Thanks again. This is working great but it seems to be responsible for processes hanging / getting stuck on GPU when main script is terminated or ‘early-stopped’.
~python3.6/multiprocessing/semaphore_tracker.py:143: UserWarning: semaphore_tracker: There appear to be 18 leaked semaphores to clean up at shutdown
Any hints as to how this can be cleaned up?
Cheers
Which code hangs or yields the semaphore warning?

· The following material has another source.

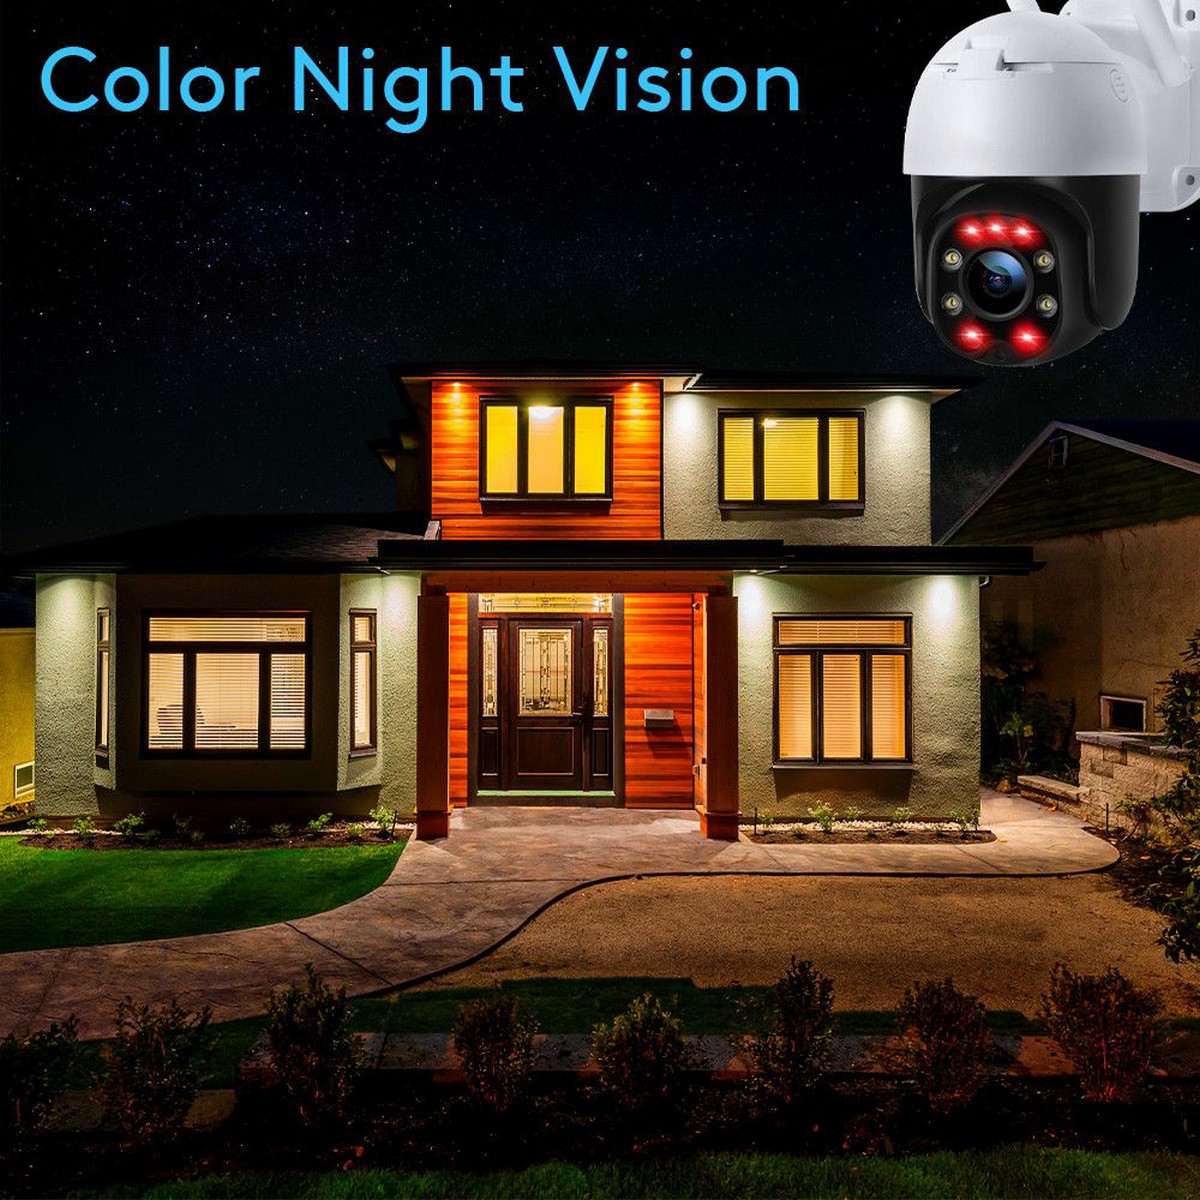 caméra de sécurité ip vision nocturne - leds infrarouges colorées

Is is the DistributedWeightedSampler
?
If the main training script gets early stopped or I keyboard interrupt it, my nvidia-smi memory usage on one of my (two) gpus stays almost full and VGPU stays at 100%. semaphore warning is after pkill python
. Doesn’t seem to happen if I’m using any other sampler.
Thanks for the notice. As I haven’t tested the code, it might yield these side effects.
Could you take a look at this issue and see, it this approach would better fit your needs?
Cheers. Pretty sure this was a rookie error, forgot a torch.no_grad() for my val loop. Hasn’t been an issue since adding that in. Thanks.
Superb, thanks very much for this @ptrblck.
Maybe I’m missing something here, but in the __iter__ function, shouldn’t
targets = targets[indices]
or similar, rather than what we currently have:
targets = targets[self.rank:self.total_size:self.num_replicas]
otherwise don’t we just leave indicies hanging in the breeze and not doing anything? Just realised we still need a way to map the selected targets back to the original dataset indicies. I will post when I have something…
thanks again for your awesomeness
Yes, you are probably right. indices
has already the extra samples and also is already subsampled, so that it should be used instead of indexing the targets
directly.
I’ll observe the linked issue on GitHub, as it should provide a cleaner way of implementing this behavior.
thanks, I just looked at linked issue, and agree that it is exactly what I was looking for. It looks like it is not ready yet. so here is what I will use in the meantime …
def __iter__(self):
# deterministically shuffle based on epoch
g = torch.Generator()
g.manual_seed(self.epoch)
if self.shuffle:
indices = torch.randperm(len(self.dataset), generator=g).tolist()
else:
indices = list(range(len(self.dataset)))
# add extra samples to make it evenly divisible
indices += indices[:(self.total_size - len(indices))]
assert len(indices) == self.total_size
# subsample
indices = indices[self.rank:self.total_size:self.num_replicas]
assert len(indices) == self.num_samples
# get targets (you can alternatively pass them in __init__, if this op is expensive)
targets = self.dataset.targets
# select only the wanted targets for this subsample
targets = torch.tensor(targets)[indices]
assert len(targets) == self.num_samples
# randomly sample this subset, producing balanced classes
weights = self.calculate_weights(targets)
subsample_balanced_indicies = torch.multinomial(weights, self.num_samples, self.replacement)
# now map these target indicies back to the original dataset index...
dataset_indices = torch.tensor(indices)[subsample_balanced_indicies]
return iter(dataset_indices.tolist())
Interesting thread.
If we want to do a simple random sampler, wouldn’t something like this work? We just take a random sample of our whole dataset on point of dataset creation, than wrap our Dataset class in DistributedSampler, which would take care of splitting it among processes?
We make reload of the Dataset every epoch so a new sample is drawn.
class Dataset():
def __init__(self, seed, sample_size, *args, **kwargs):
random.seed(seed)
random.shuffle(self.ids)
self.ids = self.ids[:sample_size]
dataset = Dataset()
dataset = torch.utils.data.distributed.DistributedSampler(dataset)
This Dataset
would sample the same data points in each process wouldn’t it?
The original DistributedSampler
will split the indices such that each process would draw its own samples.